:: EXERCISE DATA

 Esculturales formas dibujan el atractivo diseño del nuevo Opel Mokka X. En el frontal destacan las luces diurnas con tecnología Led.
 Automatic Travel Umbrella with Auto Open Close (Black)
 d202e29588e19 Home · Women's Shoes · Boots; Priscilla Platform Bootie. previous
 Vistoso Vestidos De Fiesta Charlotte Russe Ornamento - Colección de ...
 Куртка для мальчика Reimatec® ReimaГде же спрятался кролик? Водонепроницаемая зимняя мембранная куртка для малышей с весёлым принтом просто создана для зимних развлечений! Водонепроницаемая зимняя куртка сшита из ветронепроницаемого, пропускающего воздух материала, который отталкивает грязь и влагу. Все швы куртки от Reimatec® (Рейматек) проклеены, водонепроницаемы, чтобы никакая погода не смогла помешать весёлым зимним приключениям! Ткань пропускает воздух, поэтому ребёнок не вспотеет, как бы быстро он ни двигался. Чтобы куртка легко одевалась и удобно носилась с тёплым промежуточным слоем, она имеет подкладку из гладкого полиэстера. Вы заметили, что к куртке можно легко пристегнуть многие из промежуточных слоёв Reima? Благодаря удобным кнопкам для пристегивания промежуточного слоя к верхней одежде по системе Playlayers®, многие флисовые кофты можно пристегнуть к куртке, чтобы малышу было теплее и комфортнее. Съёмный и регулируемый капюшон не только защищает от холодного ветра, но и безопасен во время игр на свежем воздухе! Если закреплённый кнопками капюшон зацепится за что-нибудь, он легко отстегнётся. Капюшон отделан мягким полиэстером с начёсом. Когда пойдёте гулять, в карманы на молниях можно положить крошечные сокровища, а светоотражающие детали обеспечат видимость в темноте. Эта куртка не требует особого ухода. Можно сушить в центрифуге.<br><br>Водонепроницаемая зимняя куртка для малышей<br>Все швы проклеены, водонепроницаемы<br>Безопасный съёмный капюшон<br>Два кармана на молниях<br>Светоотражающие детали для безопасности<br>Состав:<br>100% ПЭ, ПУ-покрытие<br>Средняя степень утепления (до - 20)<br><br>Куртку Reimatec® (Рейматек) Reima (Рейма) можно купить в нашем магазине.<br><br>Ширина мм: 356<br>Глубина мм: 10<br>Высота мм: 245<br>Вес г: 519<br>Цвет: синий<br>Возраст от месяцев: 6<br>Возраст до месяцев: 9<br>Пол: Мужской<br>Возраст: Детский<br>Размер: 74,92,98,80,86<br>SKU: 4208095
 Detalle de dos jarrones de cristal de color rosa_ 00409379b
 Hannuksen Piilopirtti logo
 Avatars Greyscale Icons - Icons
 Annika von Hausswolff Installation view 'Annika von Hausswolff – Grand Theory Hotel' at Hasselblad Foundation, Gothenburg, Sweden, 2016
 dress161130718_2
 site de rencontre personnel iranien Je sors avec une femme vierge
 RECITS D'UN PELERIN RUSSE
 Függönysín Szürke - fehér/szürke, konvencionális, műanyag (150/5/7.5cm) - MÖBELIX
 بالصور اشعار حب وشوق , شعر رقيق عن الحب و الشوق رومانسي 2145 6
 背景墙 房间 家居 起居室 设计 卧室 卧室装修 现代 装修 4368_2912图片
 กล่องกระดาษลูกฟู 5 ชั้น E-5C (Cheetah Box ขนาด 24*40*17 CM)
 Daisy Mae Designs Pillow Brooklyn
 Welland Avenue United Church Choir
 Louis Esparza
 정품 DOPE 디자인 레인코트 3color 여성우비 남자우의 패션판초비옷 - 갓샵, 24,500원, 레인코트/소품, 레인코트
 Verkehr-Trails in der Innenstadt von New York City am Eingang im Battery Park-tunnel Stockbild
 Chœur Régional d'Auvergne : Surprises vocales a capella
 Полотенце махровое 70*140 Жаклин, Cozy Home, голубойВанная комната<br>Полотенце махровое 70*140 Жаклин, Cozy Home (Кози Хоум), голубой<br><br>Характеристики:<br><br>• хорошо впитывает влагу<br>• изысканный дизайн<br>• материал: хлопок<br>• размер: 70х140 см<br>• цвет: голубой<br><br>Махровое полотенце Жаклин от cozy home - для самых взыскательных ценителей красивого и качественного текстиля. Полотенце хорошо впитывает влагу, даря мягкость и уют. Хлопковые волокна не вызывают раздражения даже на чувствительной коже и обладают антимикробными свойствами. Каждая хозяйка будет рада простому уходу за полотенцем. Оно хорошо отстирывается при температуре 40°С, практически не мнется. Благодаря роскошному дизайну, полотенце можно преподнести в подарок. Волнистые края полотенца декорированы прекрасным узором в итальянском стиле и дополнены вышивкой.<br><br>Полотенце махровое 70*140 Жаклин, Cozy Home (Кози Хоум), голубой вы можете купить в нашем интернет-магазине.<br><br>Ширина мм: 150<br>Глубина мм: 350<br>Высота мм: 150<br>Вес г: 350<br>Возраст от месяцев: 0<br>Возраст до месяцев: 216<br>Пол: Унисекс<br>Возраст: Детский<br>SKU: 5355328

::::

All entries must be repeated exactly.

> _ANSWER TO THIS TASK_
 Esculturales formas dibujan el atractivo diseño del nuevo Opel Mokka X. En el frontal destacan las luces diurnas con tecnología Led.
 Automatic Travel Umbrella with Auto Open Close (Black)
 d202e29588e19 Home · Women's Shoes · Boots; Priscilla Platform Bootie. previous
 Vistoso Vestidos De Fiesta Charlotte Russe Ornamento - Colección de ...
 Куртка для мальчика Reimatec® ReimaГде же спрятался кролик? Водонепроницаемая зимняя мембранная куртка для малышей с весёлым принтом просто создана для зимних развлечений! Водонепроницаемая зимняя куртка сшита из ветронепроницаемого, пропускающего воздух материала, который отталкивает грязь и влагу. Все швы куртки от Reimatec® (Рейматек) проклеены, водонепроницаемы, чтобы никакая погода не смогла помешать весёлым зимним приключениям! Ткань пропускает воздух, поэтому ребёнок не вспотеет, как бы быстро он ни двигался. Чтобы куртка легко одевалась и удобно носилась с тёплым промежуточным слоем, она имеет подкладку из гладкого полиэстера. Вы заметили, что к куртке можно легко пристегнуть многие из промежуточных слоёв Reima? Благодаря удобным кнопкам для пристегивания промежуточного слоя к верхней одежде по системе Playlayers®, многие флисовые кофты можно пристегнуть к куртке, чтобы малышу было теплее и комфортнее. Съёмный и регулируемый капюшон не только защищает от холодного ветра, но и безопасен во время игр на свежем воздухе! Если закреплённый кнопками капюшон зацепится за что-нибудь, он легко отстегнётся. Капюшон отделан мягким полиэстером с начёсом. Когда пойдёте гулять, в карманы на молниях можно положить крошечные сокровища, а светоотражающие детали обеспечат видимость в темноте. Эта куртка не требует особого ухода. Можно сушить в центрифуге.<br><br>Водонепроницаемая зимняя куртка для малышей<br>Все швы проклеены, водонепроницаемы<br>Безопасный съёмный капюшон<br>Два кармана на молниях<br>Светоотражающие детали для безопасности<br>Состав:<br>100% ПЭ, ПУ-покрытие<br>Средняя степень утепления (до - 20)<br><br>Куртку Reimatec® (Рейматек) Reima (Рейма) можно купить в нашем магазине.<br><br>Ширина мм: 356<br>Глубина мм: 10<br>Высота мм: 245<br>Вес г: 519<br>Цвет: синий<br>Возраст от месяцев: 6<br>Возраст до месяцев: 9<br>Пол: Мужской<br>Возраст: Детский<br>Размер: 74,92,98,80,86<br>SKU: 4208095
 Detalle de dos jarrones de cristal de color rosa_ 00409379b
 Hannuksen Piilopirtti logo
 Avatars Greyscale Icons - Icons
 Annika von Hausswolff Installation view 'Annika von Hausswolff – Grand Theory Hotel' at Hasselblad Foundation, Gothenburg, Sweden, 2016
 dress161130718_2
 site de rencontre personnel iranien Je sors avec une femme vierge
 RECITS D'UN PELERIN RUSSE
 Függönysín Szürke - fehér/szürke, konvencionális, műanyag (150/5/7.5cm) - MÖBELIX
 بالصور اشعار حب وشوق , شعر رقيق عن الحب و الشوق رومانسي 2145 6
 背景墙 房间 家居 起居室 设计 卧室 卧室装修 现代 装修 4368_2912图片
 กล่องกระดาษลูกฟู 5 ชั้น E-5C (Cheetah Box ขนาด 24*40*17 CM)
 Daisy Mae Designs Pillow Brooklyn
 Welland Avenue United Church Choir
 Louis Esparza
 정품 DOPE 디자인 레인코트 3color 여성우비 남자우의 패션판초비옷 - 갓샵, 24,500원, 레인코트/소품, 레인코트
 Verkehr-Trails in der Innenstadt von New York City am Eingang im Battery Park-tunnel Stockbild
 Chœur Régional d'Auvergne : Surprises vocales a capella
 Полотенце махровое 70*140 Жаклин, Cozy Home, голубойВанная комната<br>Полотенце махровое 70*140 Жаклин, Cozy Home (Кози Хоум), голубой<br><br>Характеристики:<br><br>• хорошо впитывает влагу<br>• изысканный дизайн<br>• материал: хлопок<br>• размер: 70х140 см<br>• цвет: голубой<br><br>Махровое полотенце Жаклин от cozy home - для самых взыскательных ценителей красивого и качественного текстиля. Полотенце хорошо впитывает влагу, даря мягкость и уют. Хлопковые волокна не вызывают раздражения даже на чувствительной коже и обладают антимикробными свойствами. Каждая хозяйка будет рада простому уходу за полотенцем. Оно хорошо отстирывается при температуре 40°С, практически не мнется. Благодаря роскошному дизайну, полотенце можно преподнести в подарок. Волнистые края полотенца декорированы прекрасным узором в итальянском стиле и дополнены вышивкой.<br><br>Полотенце махровое 70*140 Жаклин, Cozy Home (Кози Хоум), голубой вы можете купить в нашем интернет-магазине.<br><br>Ширина мм: 150<br>Глубина мм: 350<br>Высота мм: 150<br>Вес г: 350<br>Возраст от месяцев: 0<br>Возраст до месяцев: 216<br>Пол: Унисекс<br>Возраст: Детский<br>SKU: 5355328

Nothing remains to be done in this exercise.